6 · Verify, foot it to the source. Every extracted total ties to the document's stated total, row counts match, nothing dropped or duplicated. Unverified numbers do not become workpapers. (This is the Module 5 discipline, applied at scale.)

7 · Human review and sign-off. The professional owns the workpaper. If you write anything back to a document-management or ledger system, use the staging-table pattern, propose, review, then execute.

Completeness, the check that's unique to workpapers

Footing one document (step 6) proves that document was read correctly. Workpapers need a second, higher check: is the file complete, and does it cross-tie? This is where AI's "looks done" is most dangerous, a missing K-1 leaves no error, just an understated return.

Expected-vs-received. Build (or have the LLM draft from the prior year) a checklist of documents you expect for this client, and reconcile against what arrived. Flag every gap: "2 of 3 brokerage 1099s received," "prior-year Schedule E rental not seen this year, confirm."
Cross-document tie-outs.
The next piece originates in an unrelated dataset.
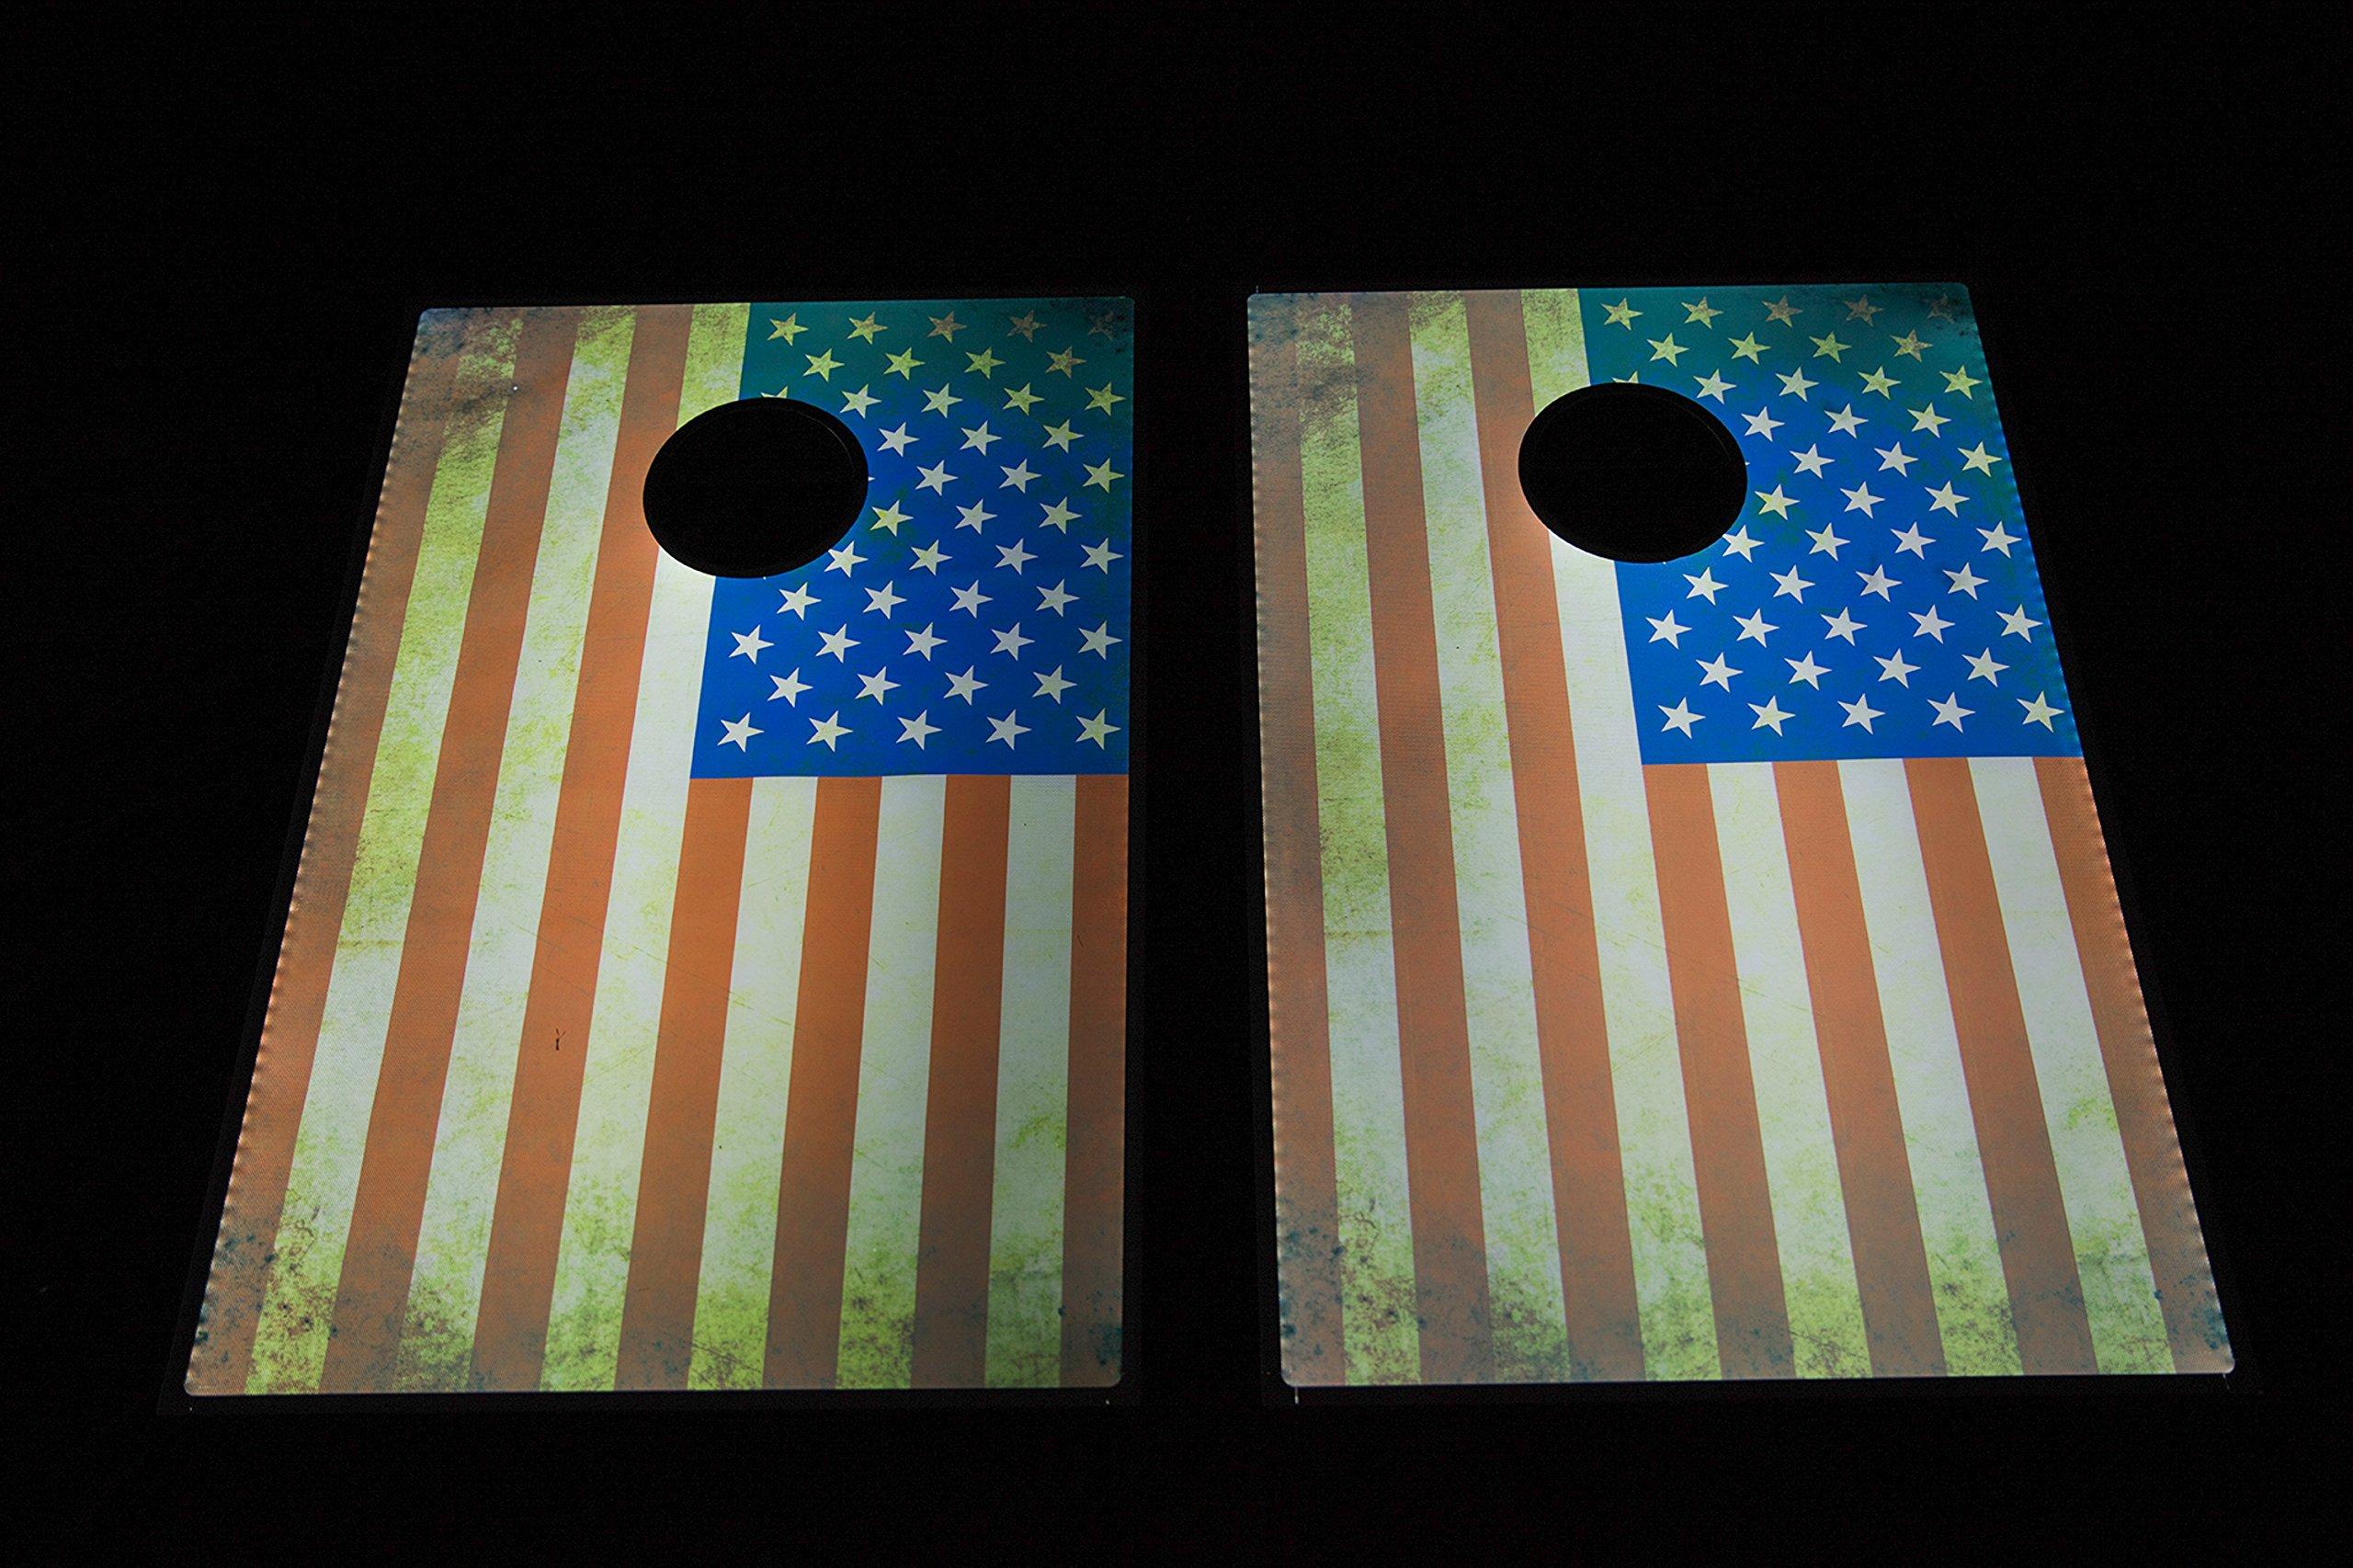 Sports Festival Light Up LED Cornhole Board Bean Bag Toss Game Set by Sports Festival (Image #2)

The sum of the 1099-INT/DIV should match the interest/dividend lines; K-1 figures should match the entries that use them. Mismatches are exactly what a reviewer needs surfaced.
Carryforwards. Prior-year items that must roll (NOLs, basis, depreciation, suspended losses), flag whether they're present and consistent.

Have the LLM flag these gaps; you decide what each means. (Code computes the tie-outs; AI drafts the exceptions list; you make the calls, same three-layer split as Skills & Architecture.)

What to build first (a concrete spec)

Don't build "automate all workpapers." Build one recurring, high-volume, rule-bound document type end-to-end. A good first target, bank statement → categorized workpaper:

In: a PDF/CSV statement (redacted: account number masked, name tokenized).
Out: a table, date · description · amount · category · [REVIEW?], plus the row count and the column total.
Checks that must pass before it's a workpaper: column total = statement ending activity; row count = statement line count; every [REVIEW] resolved by a human; category mapping matches your chart.
Then add document types one at a time (1099s, K-1s), reusing the same redact→extract→classify→ foot→complete→review loop. A narrow pipeline you trust beats a broad one you don't.

Guardrails

PII is unavoidable here, so the controlled-tool + WISP + §7216 path is mandatory, not optional (Regulatory Foundation). Redact locally first regardless.
No silent posting. Extracted numbers are drafts until footed and reviewed; nothing posts on its own.
Reviewer of record. A workpaper carries professional weight, the human signs.
Assume the scrubber missed something until you've validated; for attest work, AU-C evidence and documentation duties still apply.

Open Lab track · built on Skills & architecture; shares the verification discipline of Module 5.